The changes are set to come into force on Jan. 1, 2025 and be implemented over a 15 year period.
Having people work for longer would ease pressure on pension budgets with many Chinese provinces already reeling from large deficits. But delaying pension payouts and requiring older workers to stay at their jobs longer may not be welcomed by all of them.
TFW you combat liberalism and lose
Here’s a translation of the actual statute, which I would rather sift through than read the Western coverage take on this:
Obviously, the 60-55 retirement age has been one of the policies the goons at places like The Economist have long crocodile teared China on and that tantrum had been greatly memed on by leftists. Most 20th century socialist states maintained a retirement age around 55-60. This is a fairly sizeable clawback of a major worker’s concession, there’s no really denying it. The age increases to numbers like 63 and 58 for men and women respectively seem to be anticipating a further second increase to 65 and 60, whereupon the statutory age for white and blue collar working women might be even equalized at that stage (i.e. 55 to 60 for the latter). That is the game played in the West, where they seem to be gradually working their way to establishing the full pension retirement age at 70 with current “stretch-goal” numbers like 67 (US, Germany), 68 (UK).

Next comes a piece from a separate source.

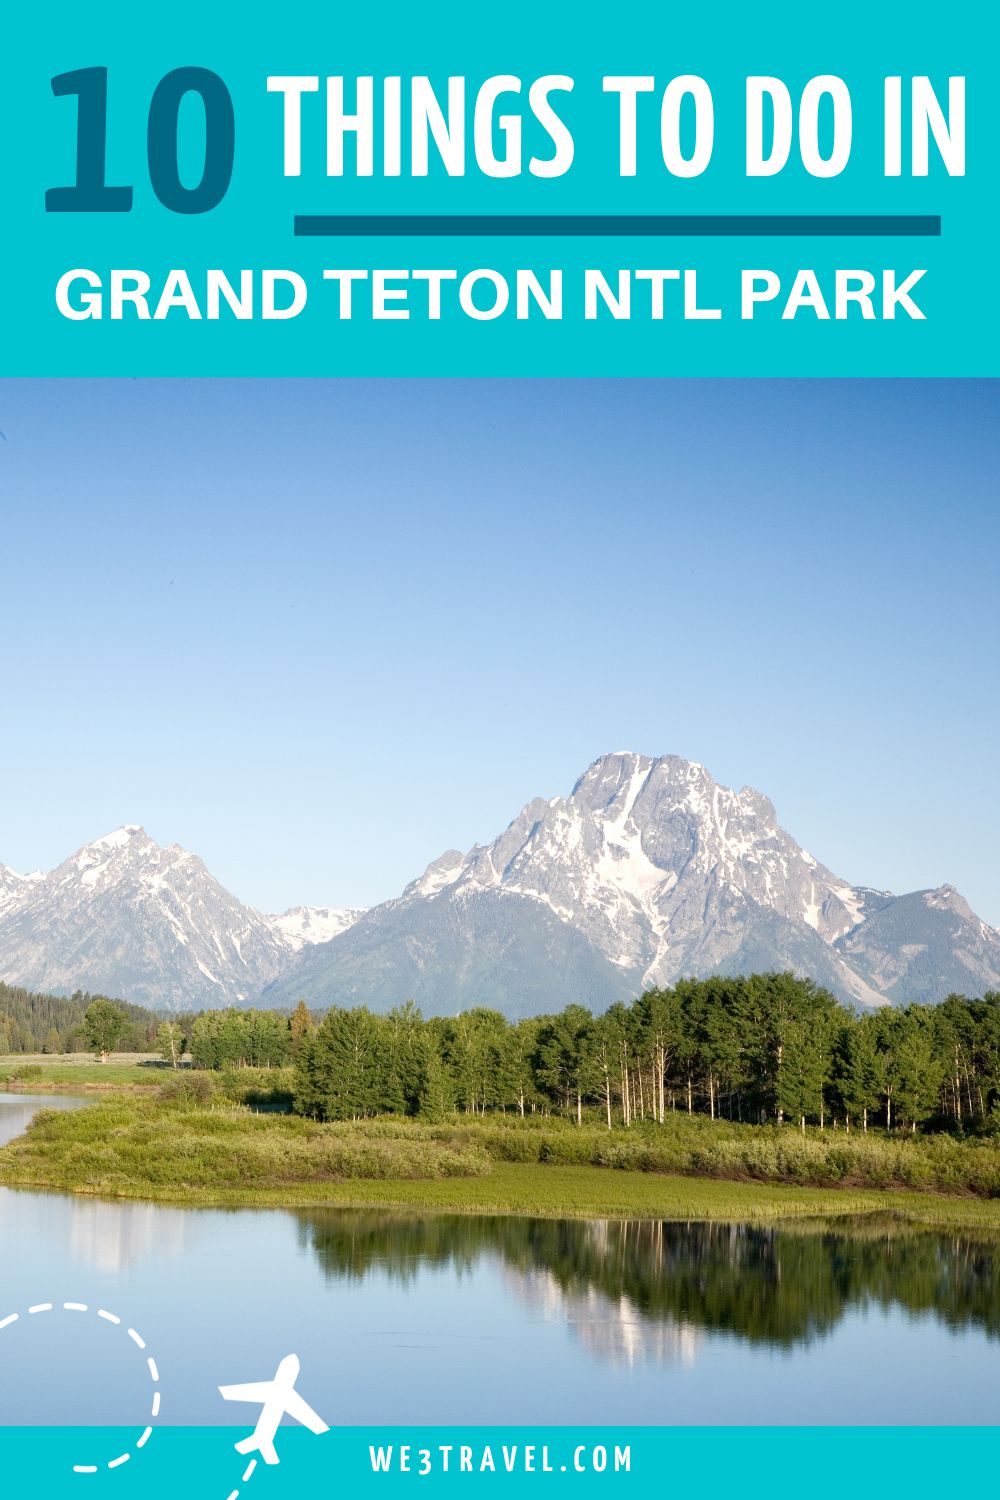 10 Things to do in Grand Teton National Park in Wyoming

The immediate one-two punch is the basic pension contribution period increase from 15 to 20 years (5 years) when retirement age increased only 3 years. Beyond the policy measures themselves, I would say that the promulgation of this statute indicates that the CPC believes that the demographic issue, and specifically, the decline in the overall working age population are real and rather serious if they would adjust the retirement age like this, a policy that affects the entire population and thus will have inevitable knock-on effects.
Of course, it’s arguable that this would merely be a bandage solution to artificially boost the working population numbers rather than addressing the root of the problem. If the CPC weren’t currently undergoing through the planned demolition of the real estate sector bubble, I would be seriously concerned at a lack of willingness in addressing, or even identifying, the base causes of the contemporary Chinese demographic issue.
67 in Australia as well (now, used to be 65), there was an attempt a few years ago to raise it to 70 but it was quashed, probably happen eventually though.